De las canciones que compuso con Benavente no cobra derechos de autor. Son temas referenciales del punk español como Adictos de la lujuria, El acto o Tengo un precio. “La discográfica [Dro, luego Warner] nunca se sentó conmigo a hablar para arreglar eso. No quisieron regularizarlo. Me ningunearon por ser mujer. Porque a Eduardo no se lo hicieron: cobran los royalties sus herederos”.
Vuelve a salir el tema de la muerte: “Siempre me interesó, y me ha tocado vivirla desde muy joven. Es la lección más importante de la vida. Si quieres vivir el día a día intensamente sin perder el tiempo en gilipolleces tienes que aprender qué significa la muerte. Estamos en un standby, así que es mejor que hagamos lo que nos dé la gana. Luego te vas a enfrentar a una muerte que nadie sabe lo que pasará después”.
Habla de su gente: “Somos una generación mutilada y herida. No nos ha tocado vivir una guerra, pero hemos tenido la pandemia del sida y la de la heroína. A la gente no le interesó esa pandemia porque se moría la mugre. Los laboratorios no iban a invertir lo que se ha invertido ahora porque no iban a ganar lo que están ganando ahora. Pero los que lo vivimos nos acordamos ahora de la pandemia del sida”.

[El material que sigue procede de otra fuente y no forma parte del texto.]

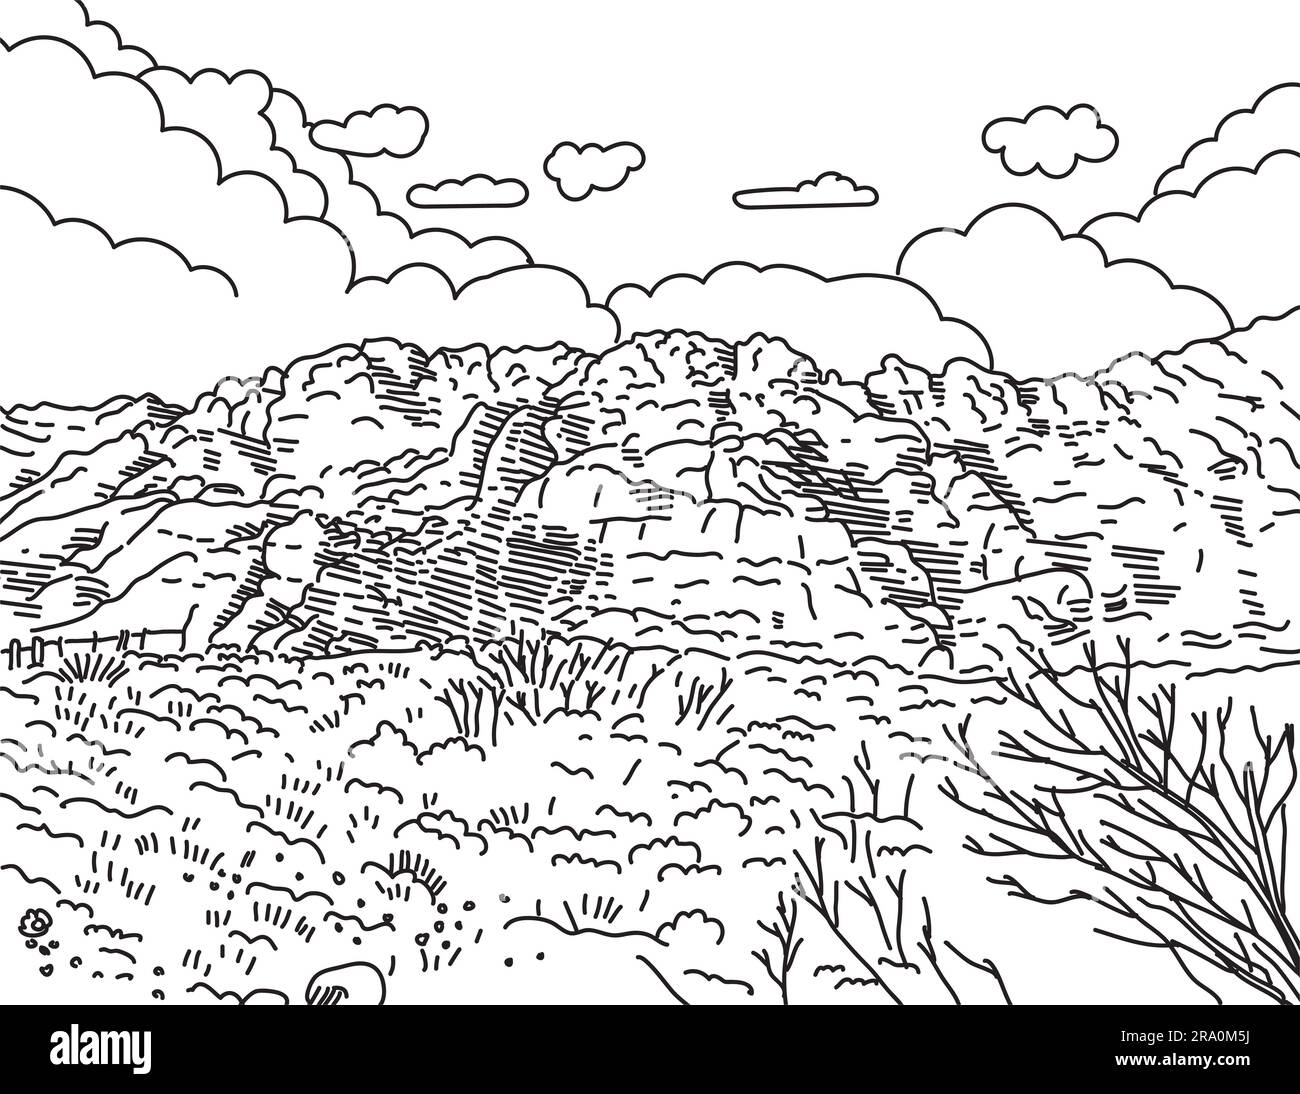 Illustrazione mono-line della Red Rock Canyon National Conservation area situata nella contea di Clark, Nevada, Stati Uniti, realizzata in arte monolina in blac Foto Stock

Su última creación se llama Hiel, una canción sinfonía de seis minutos y medio que, cómo no, nace de las entrañas y suena punk: “La compongo desde la profunda tristeza y el sabor amargo que me produce la pandemia. Con nuestros mayores se ha cometido una ignominia vergonzosa que no se puede justificar. Además, te das cuenta hasta dónde hemos destrozado el planeta. A los cuatro días del confinamiento me encontré un pavo real en la puerta de mi casa y las plantas rompían los adoquines para salir. Y luego está la crispación política… Todo este mogollón de sentimientos aparece en Hiel”. Quiere lanzar una reivindicación sobre sí misma. “Compongo de puta madre, lo hago muy bien. Lo voy a decir de una vez, porque siempre he estado a la sombra de otros. Y estoy harta. Siempre he sido ‘la novia de Eduardo’, ‘la de El Ángel’, ‘la teclista de los Pegamoides’… Llevo en esto desde pequeña y lo sé hacer muy bien”, explica con voz calmada.
Se carcajea cuando recuerda que más de una vez la han dado por muerta. No tiene hijos, pero sí 11 sobrinos (son seis hermanos) y los alumnos de sus clases, que coge con siete años y no suelta hasta los 21. Acude todos los días a trabajar después de 1 hora y 40 minutos en autobús, y otro tanto de vuelta. Enseña a sus alumnos conceptos clásicos, pero también del punk. Se sube al escenario con ellos, los adiestra, les recomienda cómo moverse, cómo enfrentarse a una audiencia. Siempre desde las vísceras, sin renunciar a su libertad. Como ella.